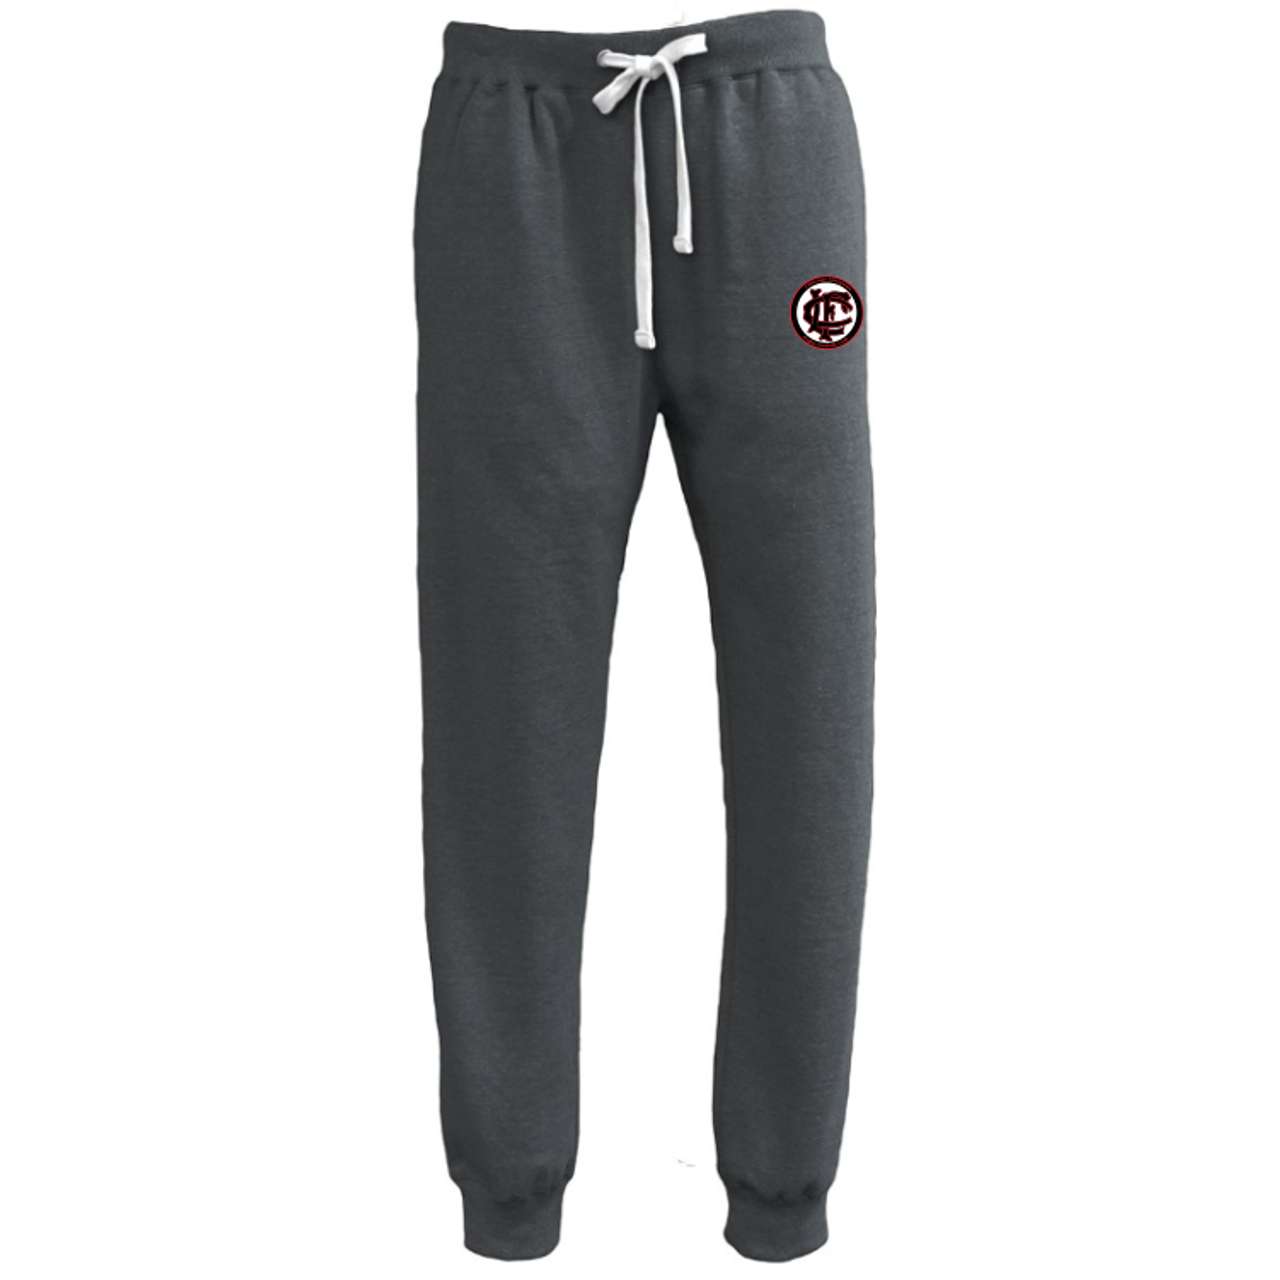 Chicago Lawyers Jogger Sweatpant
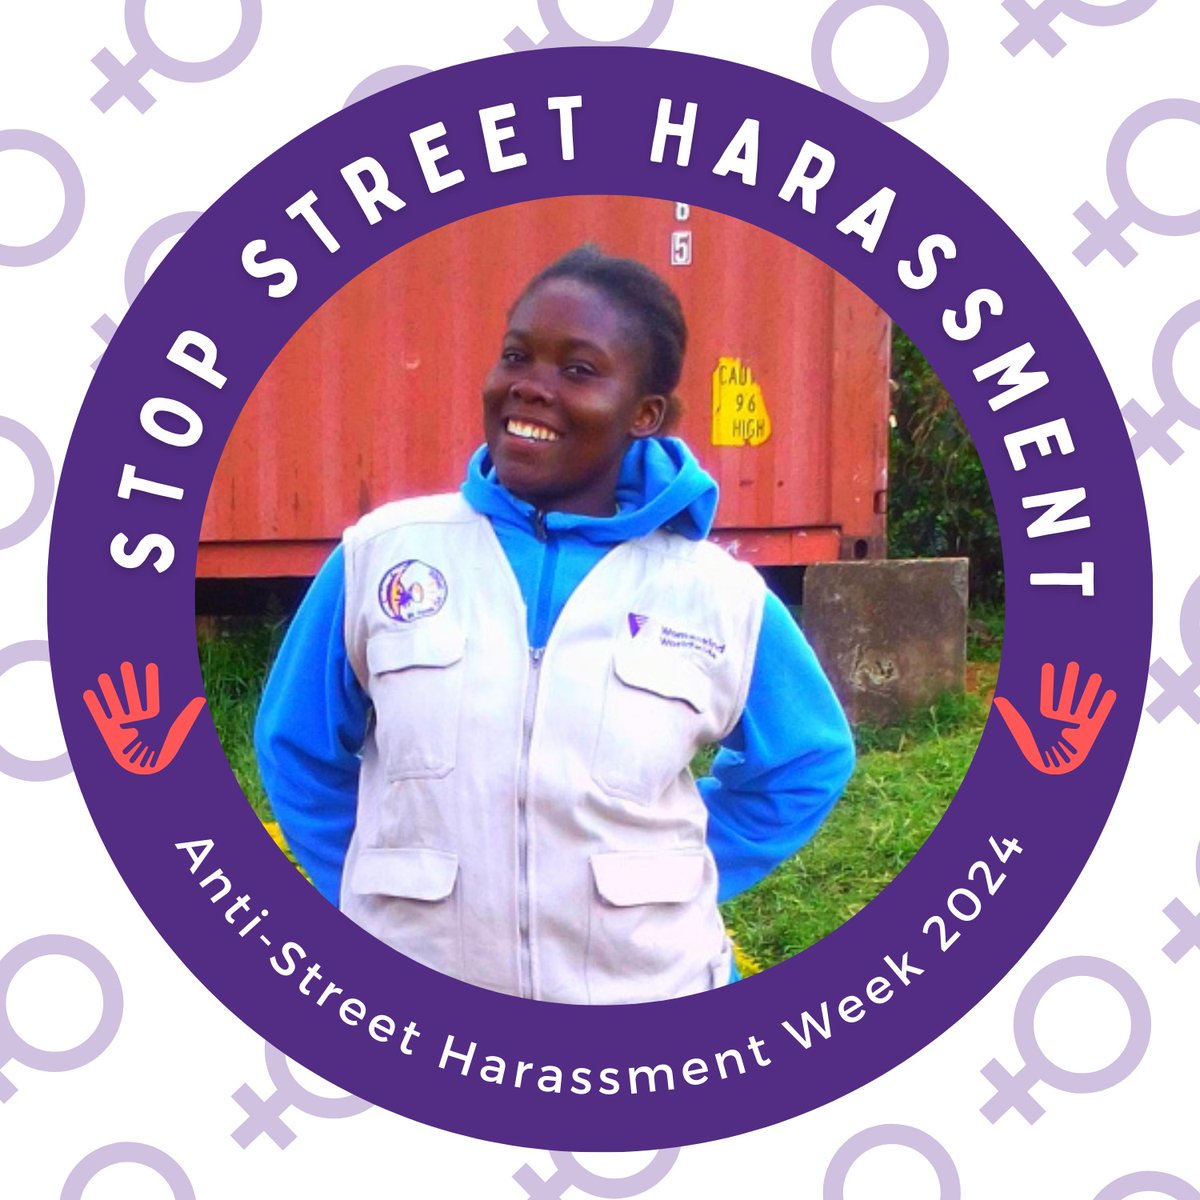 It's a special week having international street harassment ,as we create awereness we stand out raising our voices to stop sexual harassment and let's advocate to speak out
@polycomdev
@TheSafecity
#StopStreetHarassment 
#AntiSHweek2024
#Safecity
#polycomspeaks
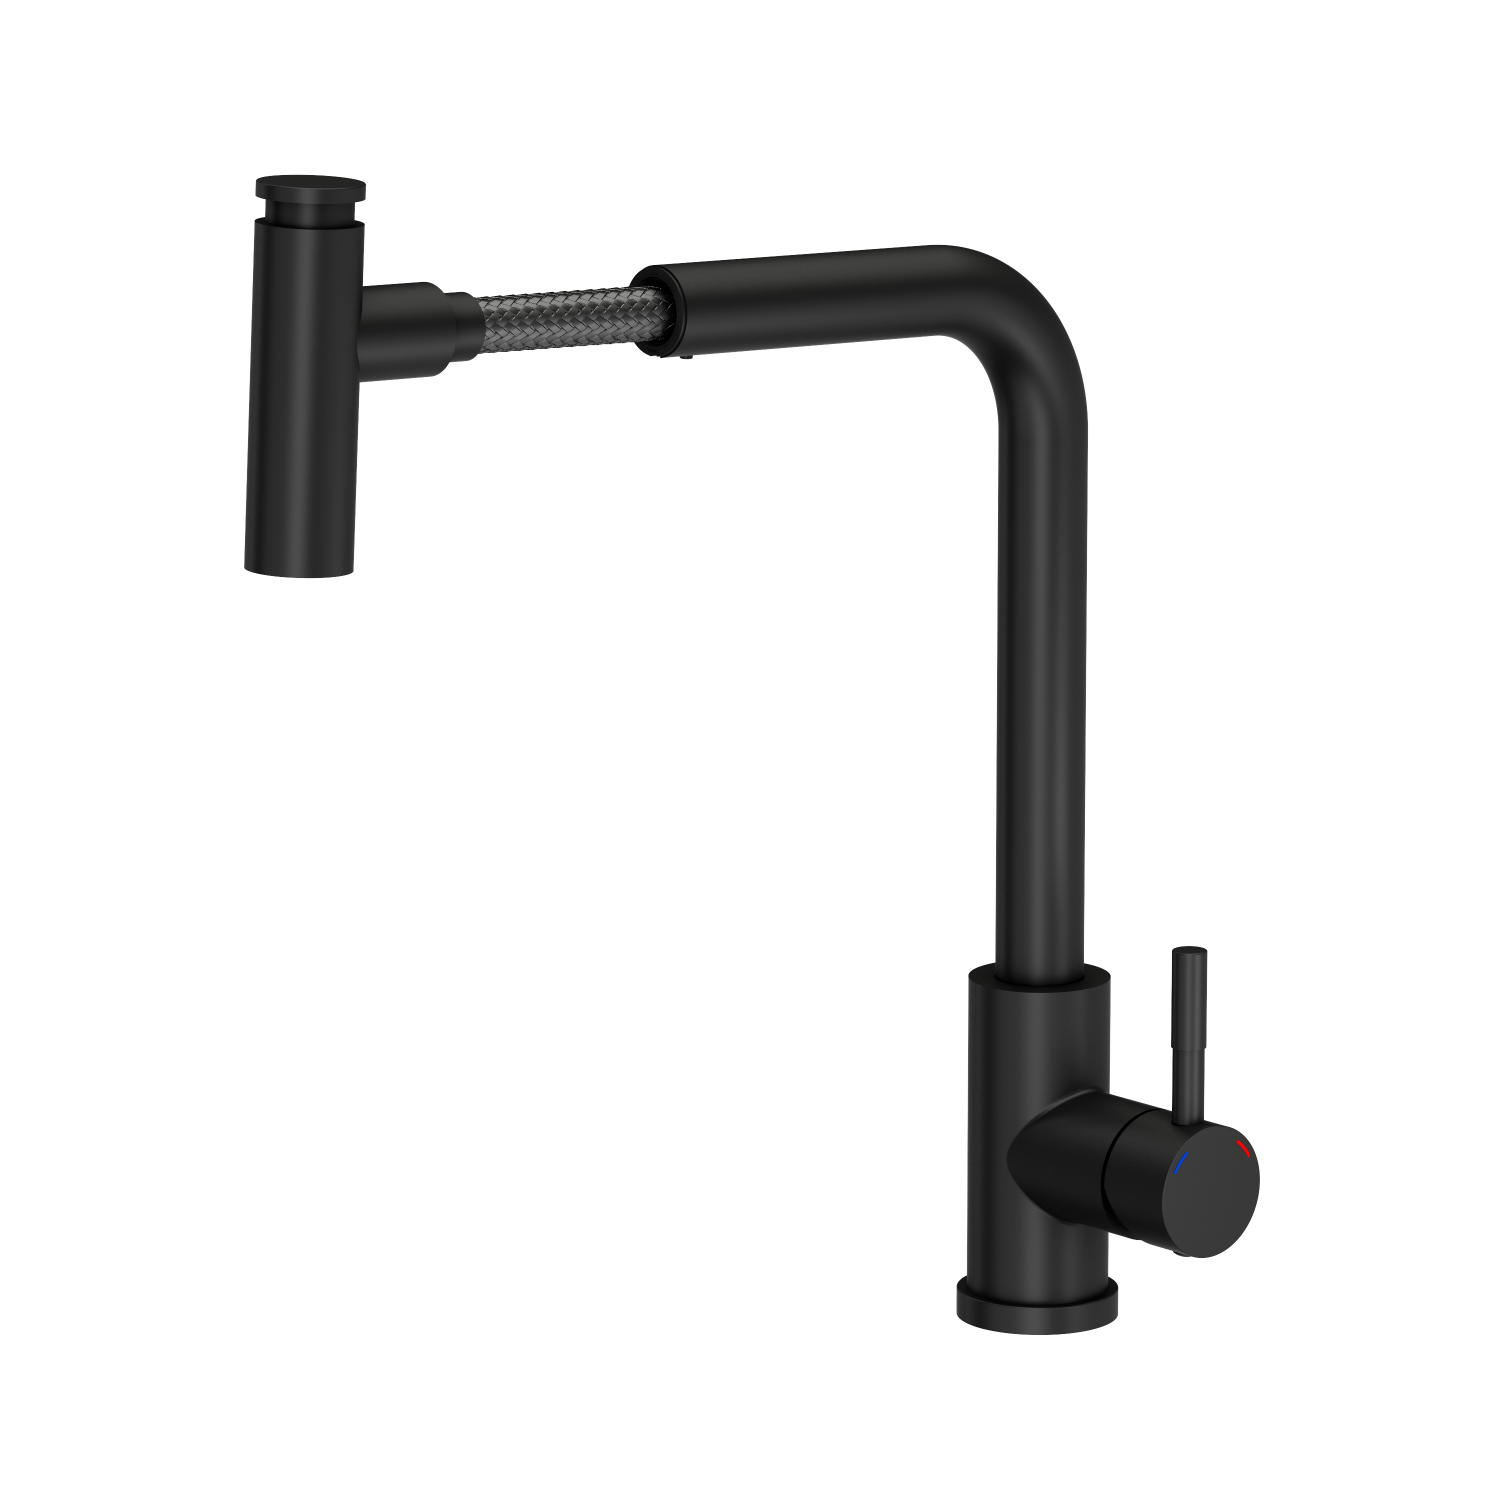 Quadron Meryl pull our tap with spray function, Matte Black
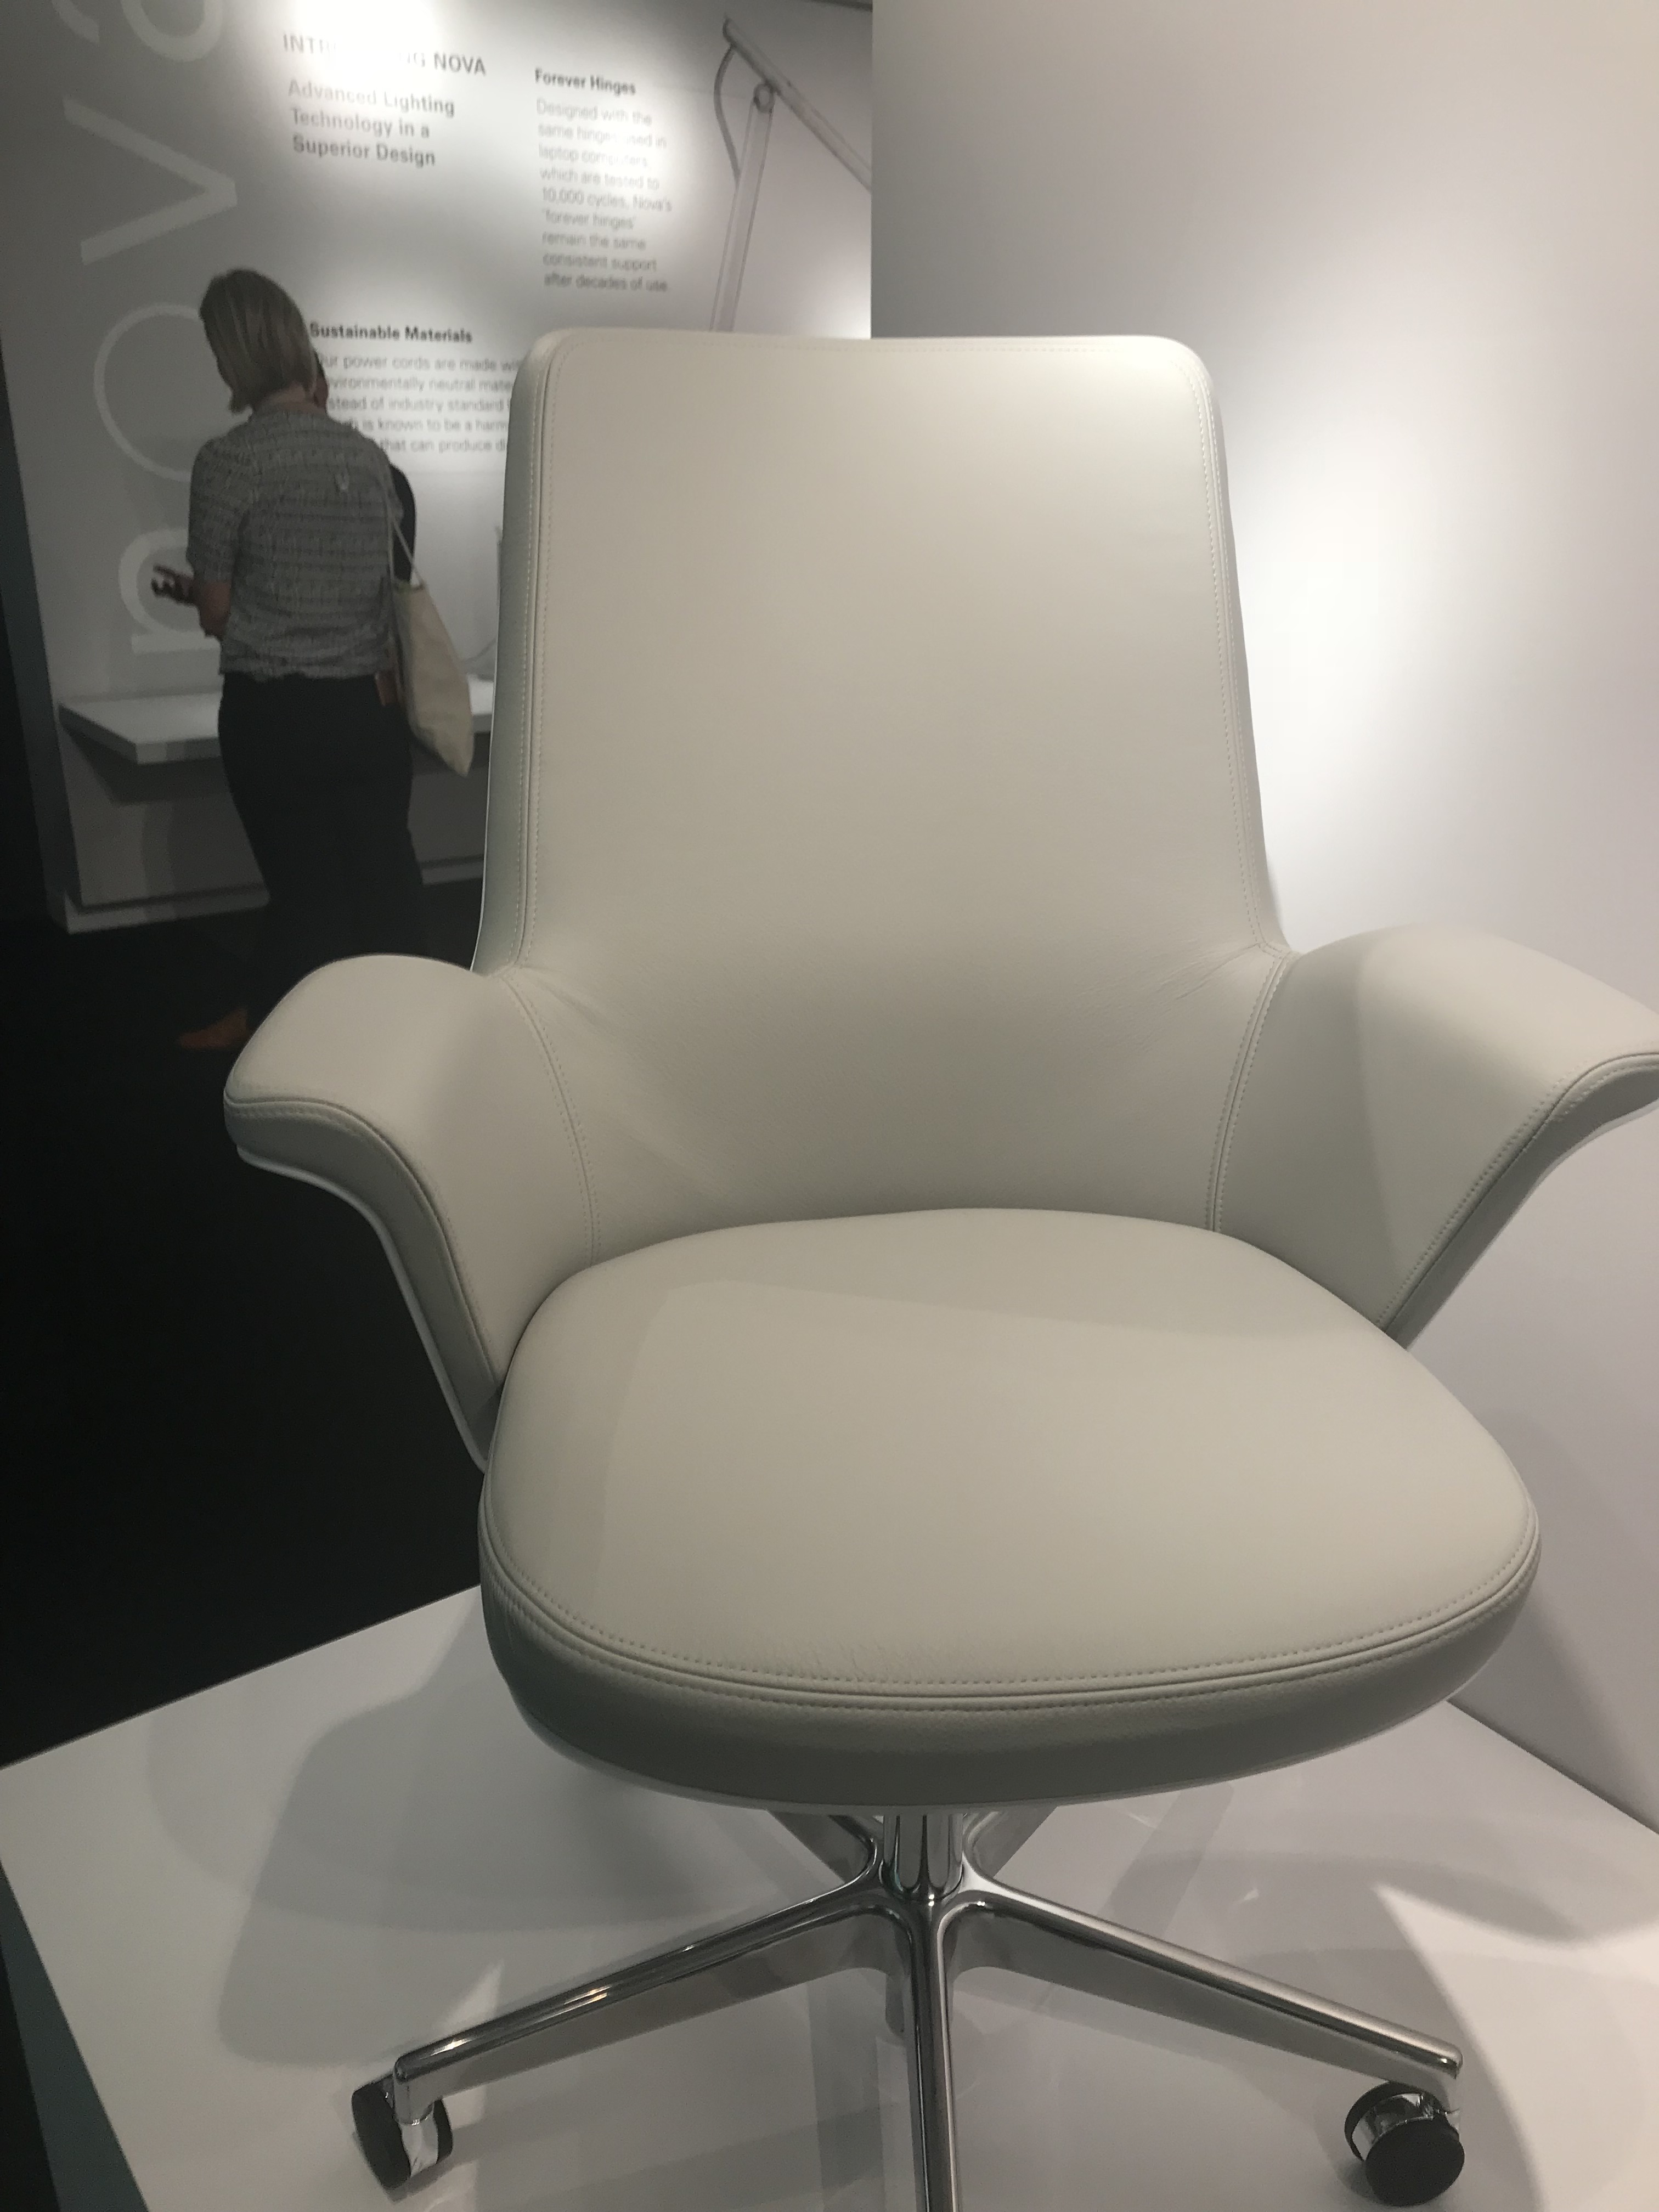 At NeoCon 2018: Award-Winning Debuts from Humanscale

■ ■ ■ ■ ■

Activity: Hand back the data above exactly, leaving out all pictures.

Response to the exercise:
 Chicago Lawyers Jogger Sweatpant
 It's a special week having international street harassment ,as we create awereness we stand out raising our voices to stop sexual harassment and let's advocate to speak out
@polycomdev
@TheSafecity
#StopStreetHarassment 
#AntiSHweek2024
#Safecity
#polycomspeaks
 Quadron Meryl pull our tap with spray function, Matte Black
 At NeoCon 2018: Award-Winning Debuts from Humanscale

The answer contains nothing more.